Practically all the essential information about the quantum Hall effect
can be encoded analytically in the form of the Laughlin wave function
\cite{laugh}
\begin{equation}
\Psi^e _p({\bf r}_1,...,{\bf r}_{N_e})=
\prod_{K< L}(z_K-z_L)^{2p+1}\exp \big[-\frac{eB}{4}
\sum_{I=1}^{N_e}|z_I|^{2}\big]
\end{equation}
which describes the incompressible ground state of $N_e$
spin-polarized planar electrons,
 with a complex coordinates $z_K=x_K+iy_K $,
moving in the orthogonal magnetic field $B=\varepsilon_{\alpha \beta}
A^{\beta}>0 (\alpha ,\beta =1,2).$
The integer $p$ is
related to the filling factor

\begin{equation}
\nu=\frac{N_e}{N_B} =\frac{1}{2p+1},
\end{equation}
where $N_B$ is the number of quantum states per Landau level.

When $N_e=N_B$, i.e. when $p=0$, (1) corresponds to the lowest Landau
 level completely filled
by the non-interacting electrons.
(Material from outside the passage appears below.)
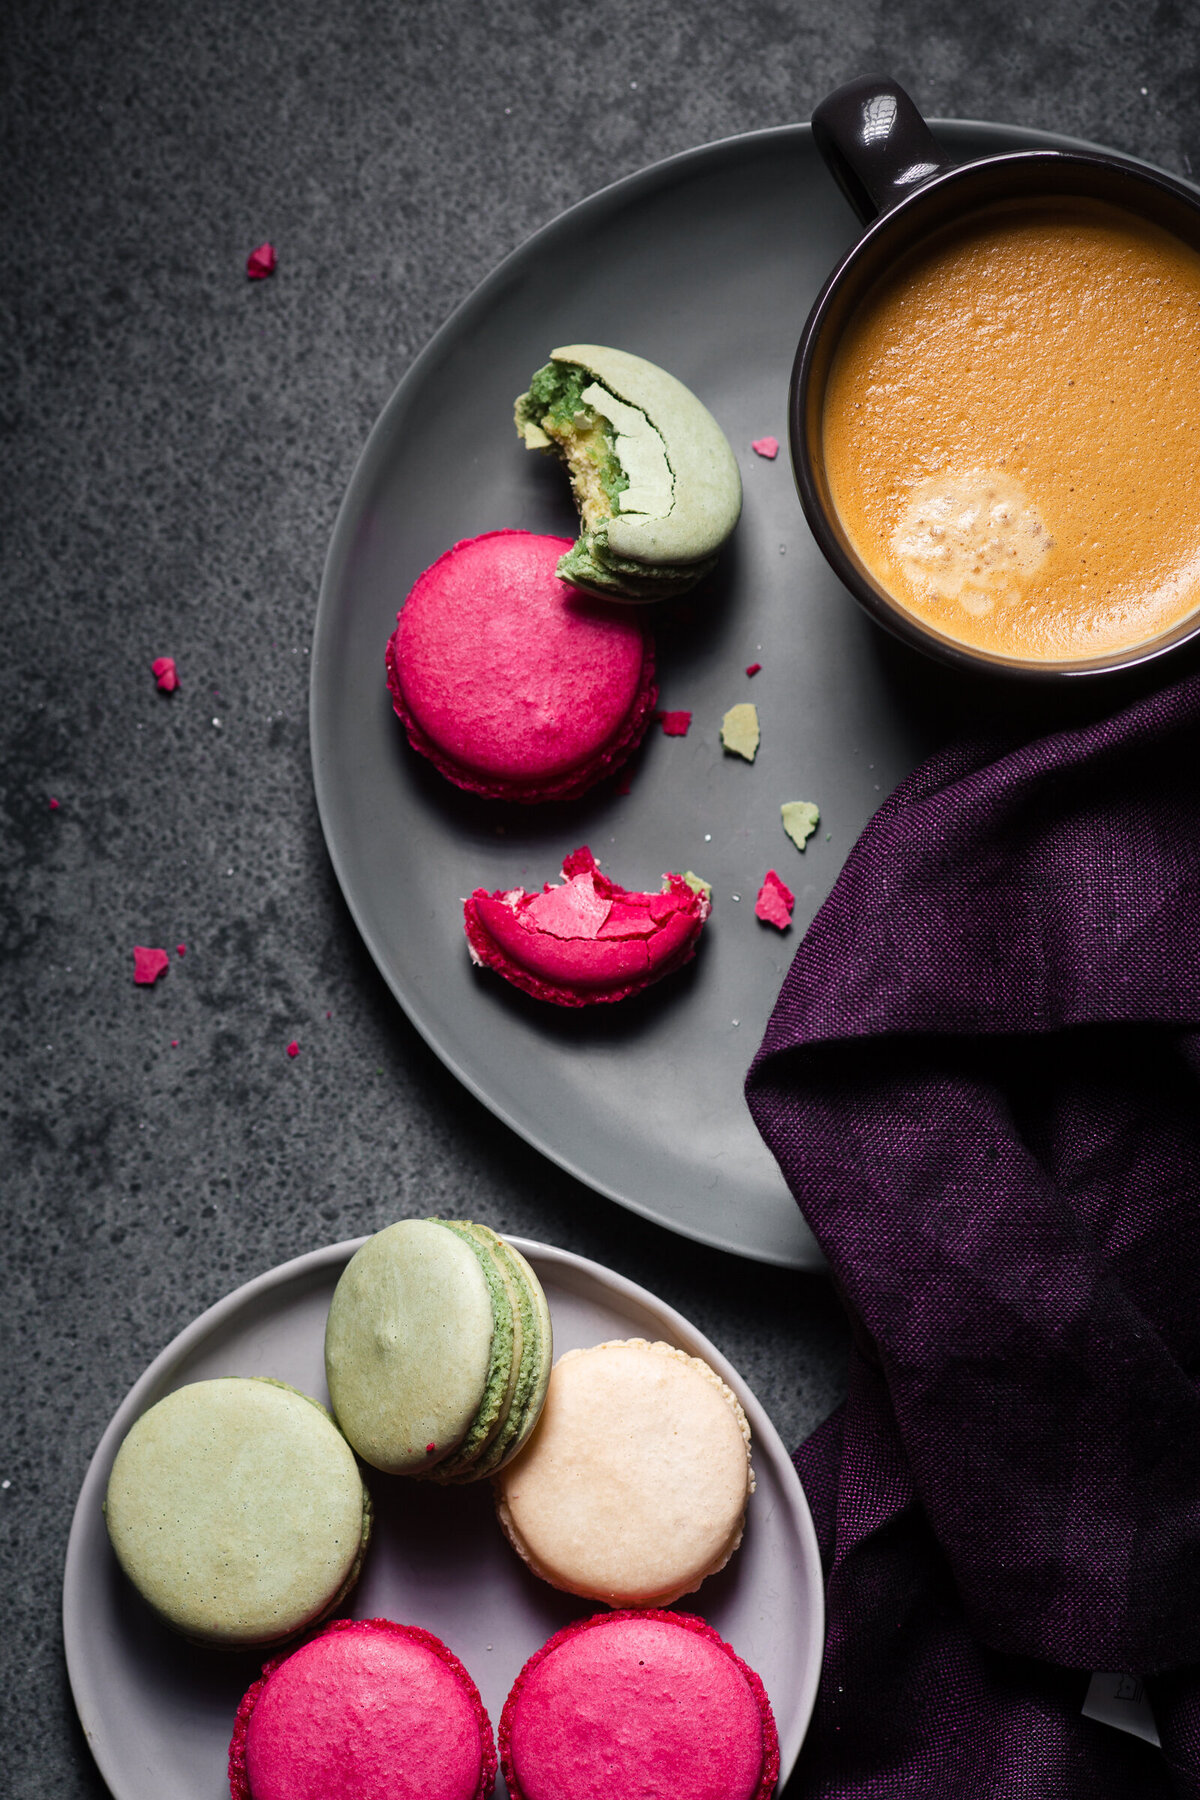 Coffee and French macarons - Food Photography - Frenchly Photographer-6230

For $N_e<N_B$ Laughlin function describes
the system of mutually interacting particles.

The notion of incompressibility recently was related to the
 the group of area preserving diffeomorphisms \cite{cap1},\cite{iso}, end
 at a quantum level two-dimensional
Hall fluid can be classified by the unitary irreducible representations
of the infinite dimensional algebra $W_{1+\infty}$, where (1) is a
highest weight vector \cite{cap2}.

The analytic and algebraic aspects of QHE are  supplemented  in the
 physically transparent way by the Jain's composite electron picture
 \cite{jain}.
In this picture FQHE is related  to the system
of non-interacting composite particles, consisting from electrons
bound to the  magnetic fluxes  $2p\phi_0$
 $(\phi_0=\frac {ch}{e}=\frac {2\pi}{e})$.
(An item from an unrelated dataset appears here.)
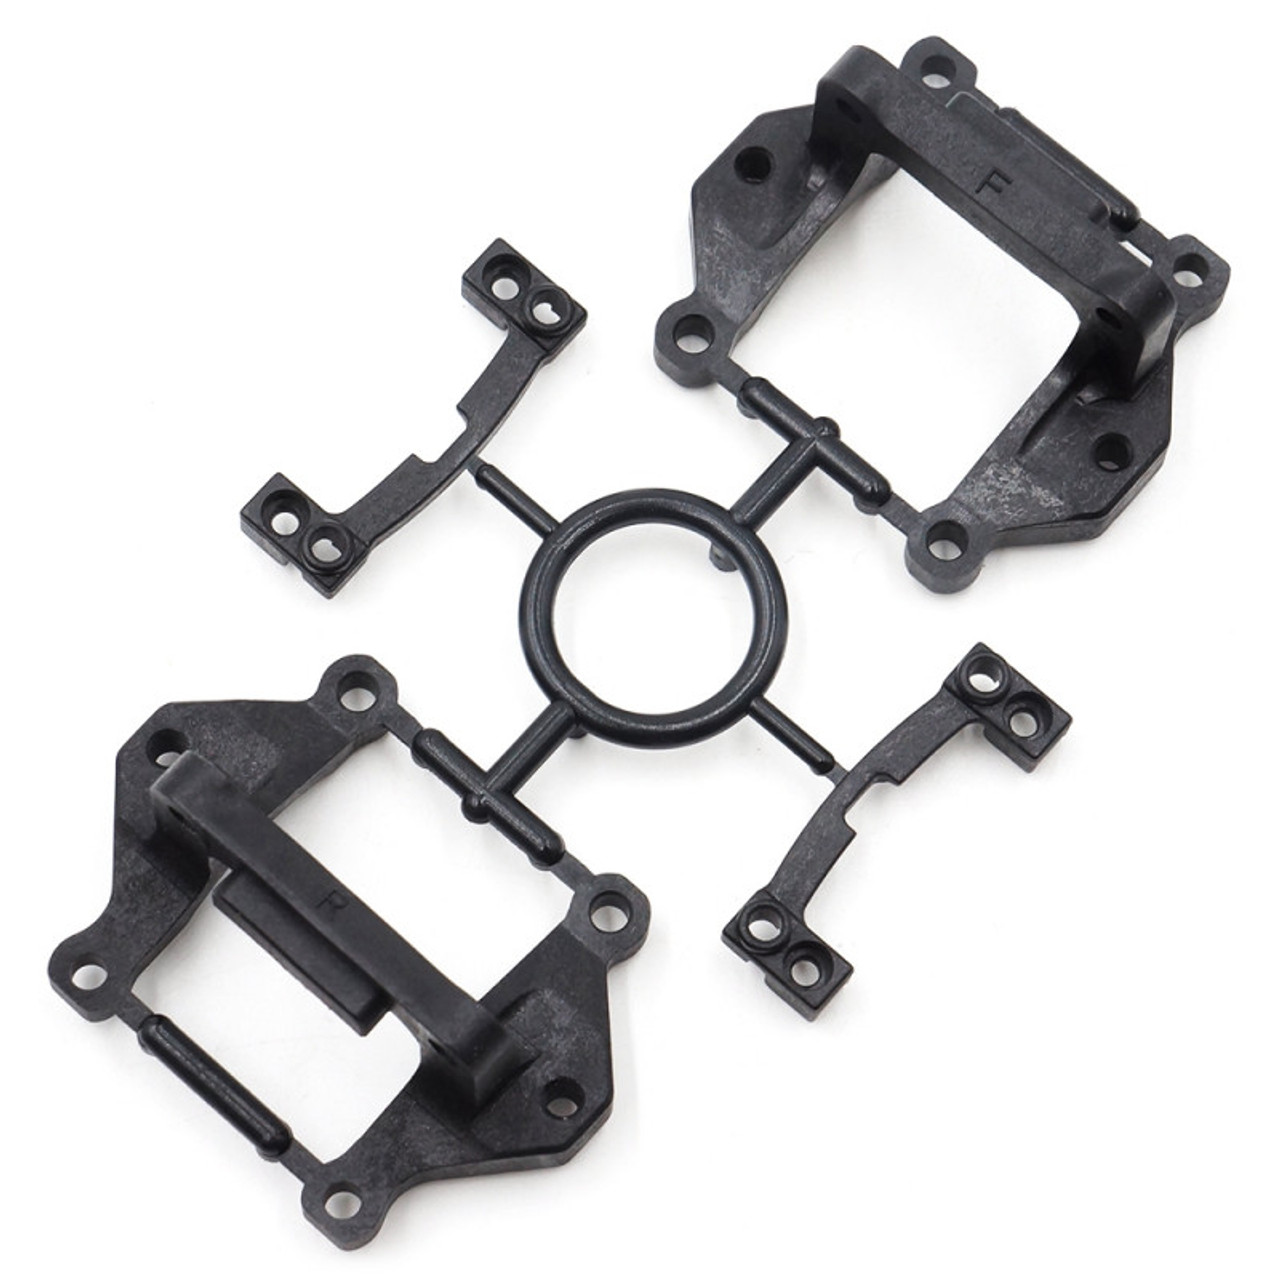 Xpress Execute XQ1S Front and Rear Composite One Piece Upper Clamp

These fictitious magnetic fluxes can be associated with the singular
gauge potential ${\bf {a(r)}}$, such that the magnetic field
\begin{equation}
b({\bf r})=\varepsilon_{\alpha \beta }\partial_{\beta}a^{\beta}({\bf r})=
2p\phi_0 \varrho ({\bf r}),
\end{equation}
where $\varrho ({\bf r})$ is the particle density.

 Statistical gauge field
\begin{equation}
a^{\alpha}({\bf r})=-i \frac {p\phi_0}{\pi}
\partial_\alpha \int d{\bf r'}\arg \ln (z-z') \varrho ({\bf r'})
\end{equation}
 provides the required amount of
magnetic flux \cite{wil}, but the corresponding ground state turns
out to be compressible and can not be related to FQHE \cite{laugh1}.
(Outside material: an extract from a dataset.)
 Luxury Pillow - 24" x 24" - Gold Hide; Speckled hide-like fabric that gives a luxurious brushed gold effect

As an alternative, there exists another gauge potential satisfying (3), the
 Knizhnik-Zamolodchikov connection \cite{kniz}  :
\begin{equation}
a^{\alpha}({\bf r})=-i\frac {p\phi_0}{\pi}
\partial_\alpha  \int d{\bf r'}\ln (z-z')\varrho ({\bf r'})
\end{equation}

The first-quantized form of
 covariant derivatives with this connection
\begin{equation}
D_I=\frac {\partial}{\partial z_I} -2p\sum_{J\not= J}\frac {1}{z_I-z_J},
\hspace{1cm}
\bar D_I=\frac {\partial}{\partial \bar z_I}
\end{equation}
has been used in  \cite{ver} to study the scattering problem for particles
obeying braid statistics, and in
 \cite{flo} to construct the Hamiltonian and $W_{1+\infty}$ algebra
generators for the Laughlin function (1) as a highest weight state.


It is not difficult to notice, that these covariant derivatives can
be presented in the form of the similarity transformation \cite{me}:
$$
D_I=S_p(z_1,\cdots,z_{N_e})\frac {\partial}{\partial z_I}
S^{-1}_p(z_1,\cdots,z_{N_e})
$$

$$
\bar D_I= S_p(z_1,\cdots,z_{N_e})\frac {\partial}{\partial \bar z_I}
 S^{-1}_p(z_1,\cdots,z_{N_e}),
$$
where
$$
  S_p(z_1,\cdots,z_N)=\prod_{K<L}(z_K-z_L)^{2p}
$$
is a singular non-unitary operator. This observation is helpfull in expressing
the wave function and quantum operators for the fractional value of
the filling factor as a similarity transformation of the
corresponding quantities for the non-interacting quasi-particle system.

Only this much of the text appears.